Buyers should beware of the 'option ARM' and its tricky aspects
By HELEN HUNTLEY
Published October 2, 2006
The riskiest of the adjustable- rate mortgages is something known an "option ARM," which gives buyers a choice of monthly payments.
Most option ARM borrowers opt for the minimum monthly payment, which is so low it doesn't cover the full interest due. The unpaid amount is added to the principal of the loan. Instead of shrinking, the mortgage gets bigger every month, something known as negative amortization.
This is a particularly dangerous situation in a time of stagnant or falling home prices. Borrowers can easily end up owing more than the house is worth, which means they can't sell it without writing a check at the closing.
These mortgages have several tricky aspects that many borrowers don't fully understand. For starters, the advertised rate - sometimes less than 2 percent - is typically the rate used to calculate the minimum payment, not the interest rate being charged. The minimum payment may stay the same for the first year, but the real interest rate adjusts every month.
"What I don't like about this loan is how quickly the interest rate has been increasing and how easy it is not to notice this," said Sarah Murphy, 44, a Gulfport real estate broker and rental property investor. She said that in just five months, the interest rate on one of her loans has risen from 6.86 percent to 7.44 percent.
"If I continue to make only the minimum payment, a loan of $85,000 at the end of the year will have a balance due of $86,722," she said. "I could end up owing more than the property's value."

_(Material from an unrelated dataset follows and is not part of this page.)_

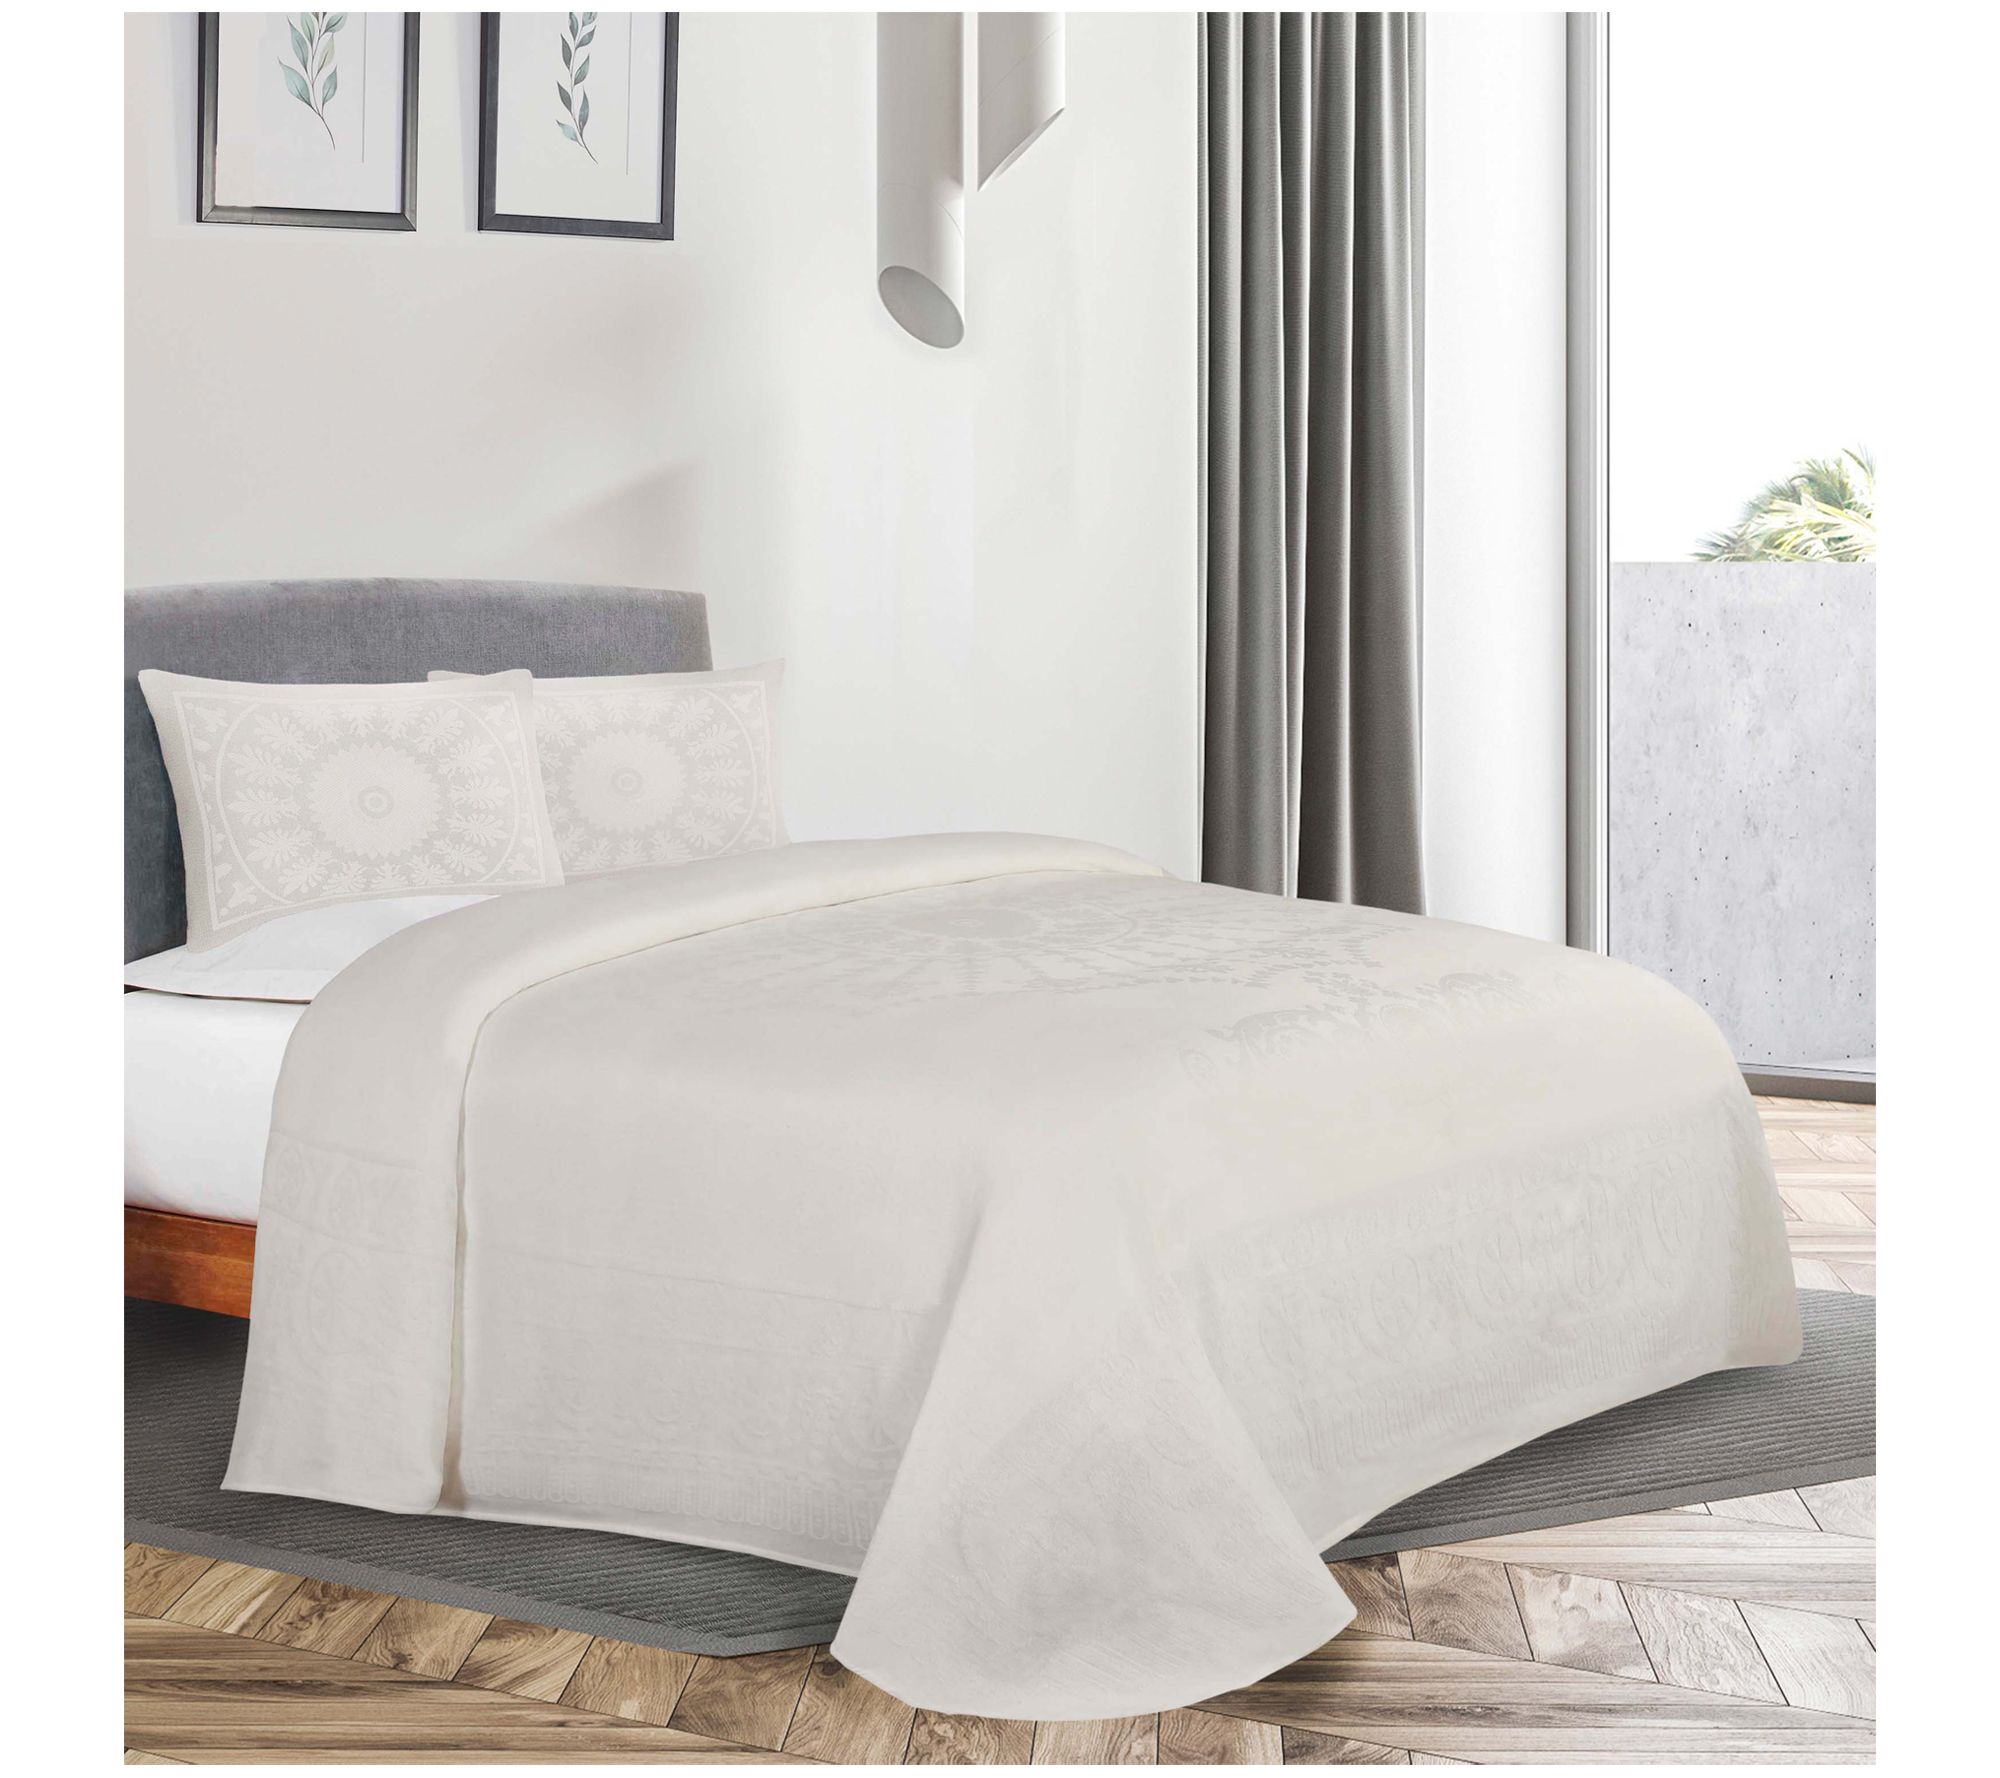 Superior 3-Piece Kymbal Cotton Blend Off-White Bedspread Set, Queen

But low minimum payments don't last forever. The minimum payment adjusts each year. Murphy said that on one of her loans, the minimum payment went from $489 last year to $566 this year.
Payments on option ARMs can skyrocket if the loan reaches a preset cap, which typically is 115 percent of the original loan value. At that point, the borrower is required to pay the full interest amount plus some principal.